Is it because heat is not considered in the Ka expression, and that an increase in heat just shifts the rxn to the left side? Just wanted to check.

Yup. By directly adding heat, you are directly adding a 'product', which will cause the equilibrium to shift toward reactants.

Important thing to note here is that Ka is the equilibrium constant, not the "present state of the reaction constant," so it represents the state of things when equilibrium is reached. You throw in a bunch of heat, its harder for a exothermic reaction to make products, so equilibrium will be reached with more reactants and less products present than before you messed with it.

If it's a reversible reaction (as acid-base reactions generally are), you get the same effect if you throw in some Y. Reaction goes backward, and at equilibrium you have more reactants, and thus a lower Ka.

 

[GreenRabbit]

If it's a reversible reaction (as acid-base reactions generally are), you get the same effect if you throw in some Y. Reaction goes backward, and at equilibrium you have more reactants, and thus a lower Ka.

You were right until here.

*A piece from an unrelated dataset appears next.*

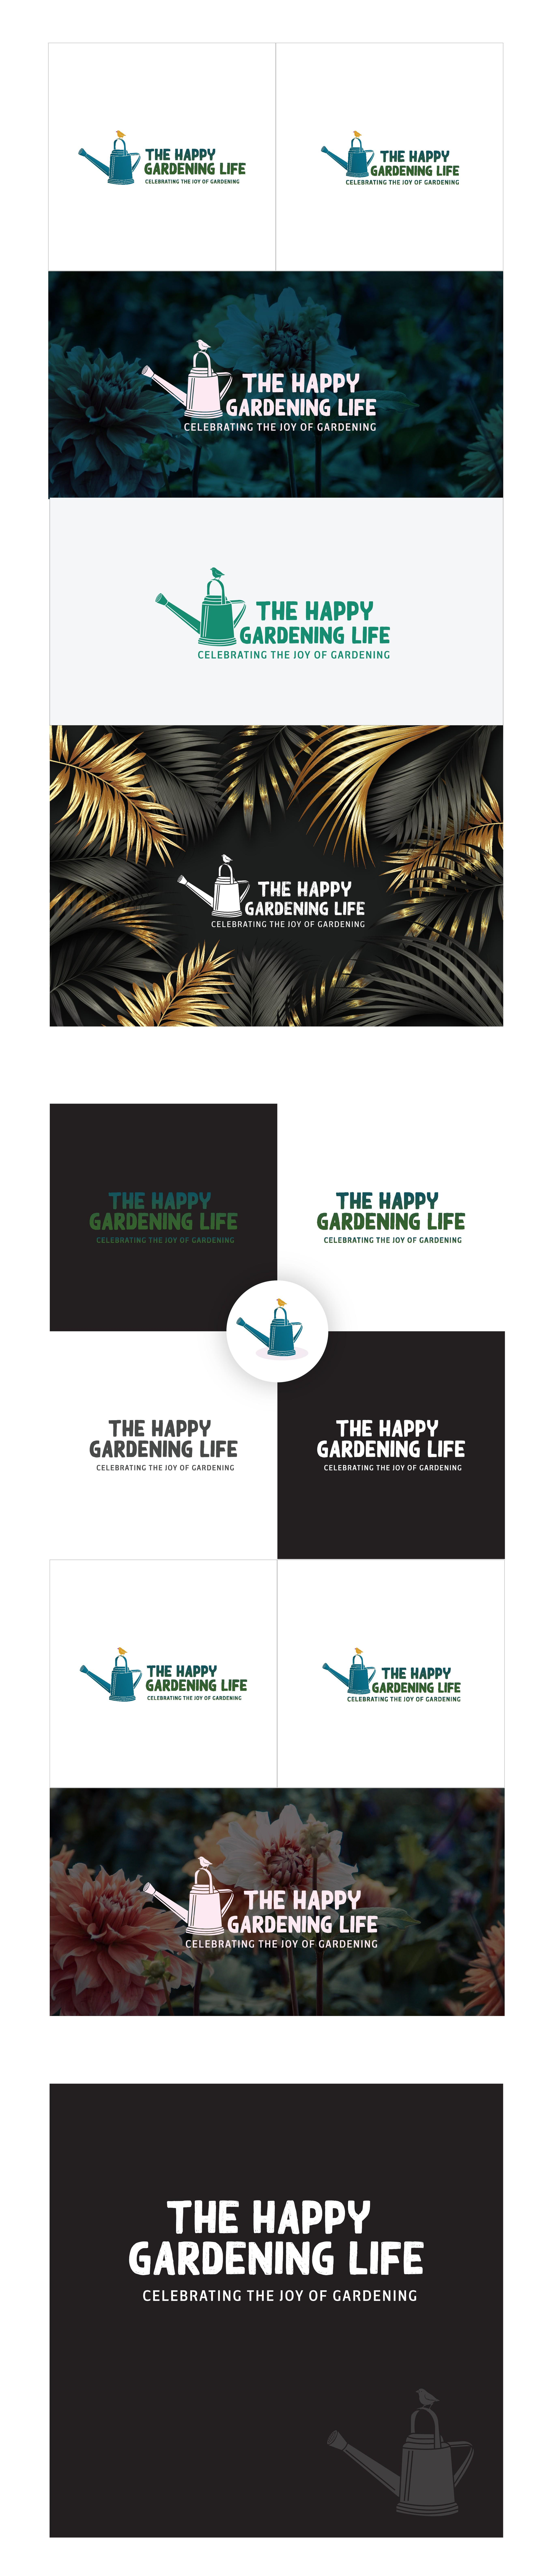 The Happy Gardening Life Logo Refresh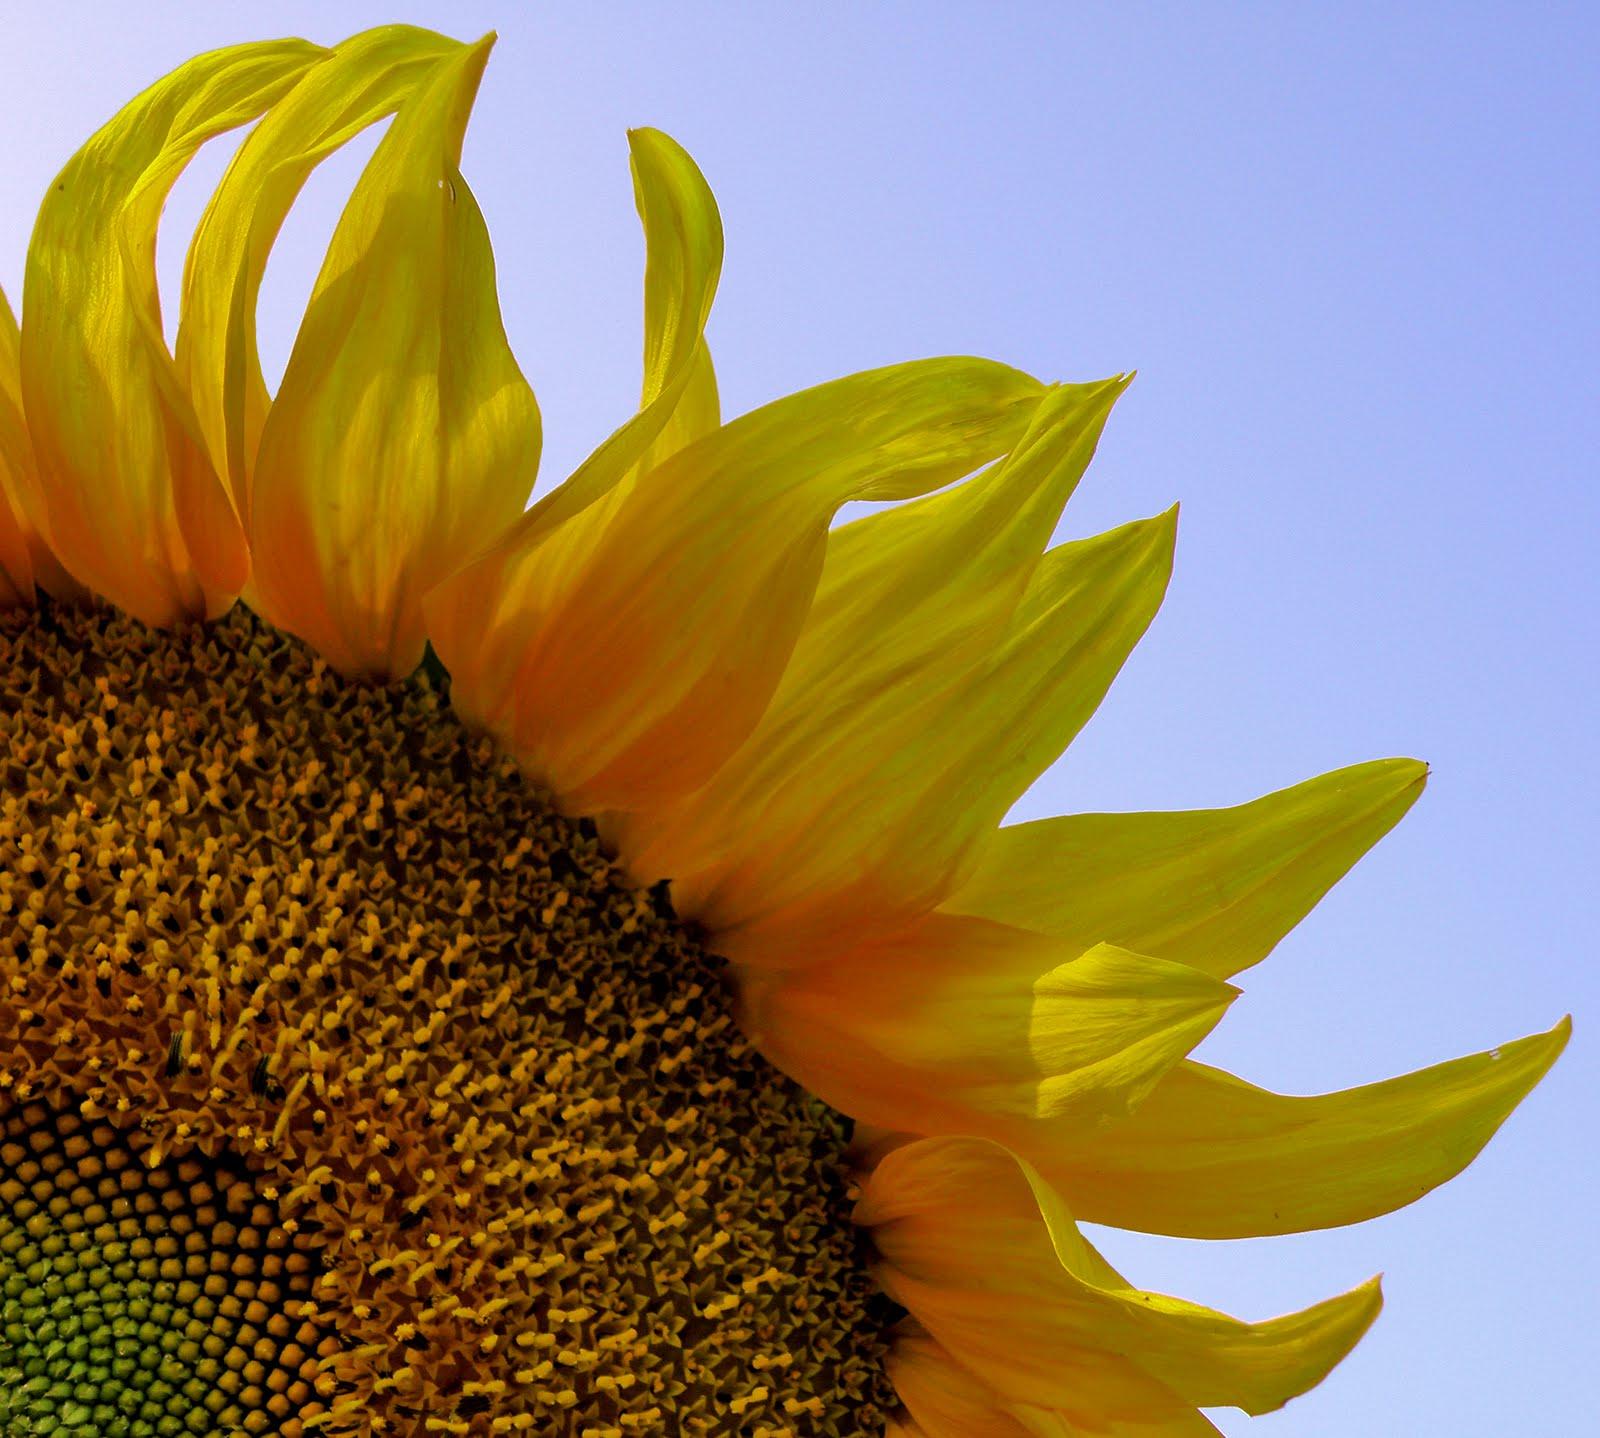 http://1.bp.blogspot.com/_pGKKSeIs0ow/TExHgjHkoSI/AAAAAAAABAA/J9JXTR0ytc0/s1600/Sunflower_-_slonecznik_(2).jpg

Ka doesn't change if u throw in products, but it does vary with temperature.

 

[gunj122]

nvm.

 

[Catburr]

Rofl, guess I'm already losing this stuff a month after not studying anymore. Thanks for the fix. I better stick to questions about books/practice tests I still have lying around. 🙂

 

[GreenRabbit]

..and just to add a little more on that, Ka varies ONLY with temperature. it will not change if concentration, pressure, or volume are changed. PV=nRT equation explains it all.

I don't think the ideal gas law affects acid dissociation.

 

[banner18]

You were right until here. Ka doesn't change if u throw in products, but it does vary with temperature.

Why not? LeChat's principle would predict that the reaction would be favored to the right. So adding products will change the Q but not the Keq?

I'm getting really messed up when relearning themo vs. kinetic control in orgo, what are the hard and fast rules about factors that affect Keq. Is it only temperature, pressure and volume?

 

[gunj122]

I don't think the ideal gas law affects acid dissociation.

yea you're right. sorry guys, i meant to say equilibrium equation where it equals [products]/[reactants].

this website really cleared up any problems for me. it talks about what happens when you add reactant, change pressure, or change temperature.

http://www.chemguide.co.uk/physical/equilibria/change.html

 

[movax]

First, divorce kinetics and thermodynamics in your brain (this was messing me up for awhile). One tells you how fast a reaction will go, the other tells you whether it will happen or not.

Also when you say Ka, do you mean the Keq of the rxn? Thinking of Ka as an acid dissociation constant or something...

Now, for Kconsts. (Keq, Ksp, etc). Suffering through the EK practice exams on these yesterday, these constants only change with temperature. There are big books somewhere that list specific Keq/Ksp for specific reactions at specific temperatures. The only variable in those books are temperature. They just say 'for temps X, Y, and Z the Keq of A + B -> blah are J, K and L'. I'm relatively certain this statement is correct for our baby MCAT-level equilibria.

So in A + B -> X + Y + Heat, and assuming everything is gaseous/aqueous, Keq = [X][Y] / [A]. Increasing temp as previous posters have stated shove this reaction to the left based on Le Chatlier's principle (the only reason we can apply this is because the equation is already in dynamic equilibrium. I just got burned on this on a practice test because I didn't read closely enough to realize that there was no equilibrium. You can't use Le Chatlier's if you don't have equilibrium.).

So, shoving reaction to the left would increase concentrations of [A] and . In my head, if I had say [1][2] / [3][4] and I now have [1][2] / [6][8], Keq decreases. (2/12 > 2/48).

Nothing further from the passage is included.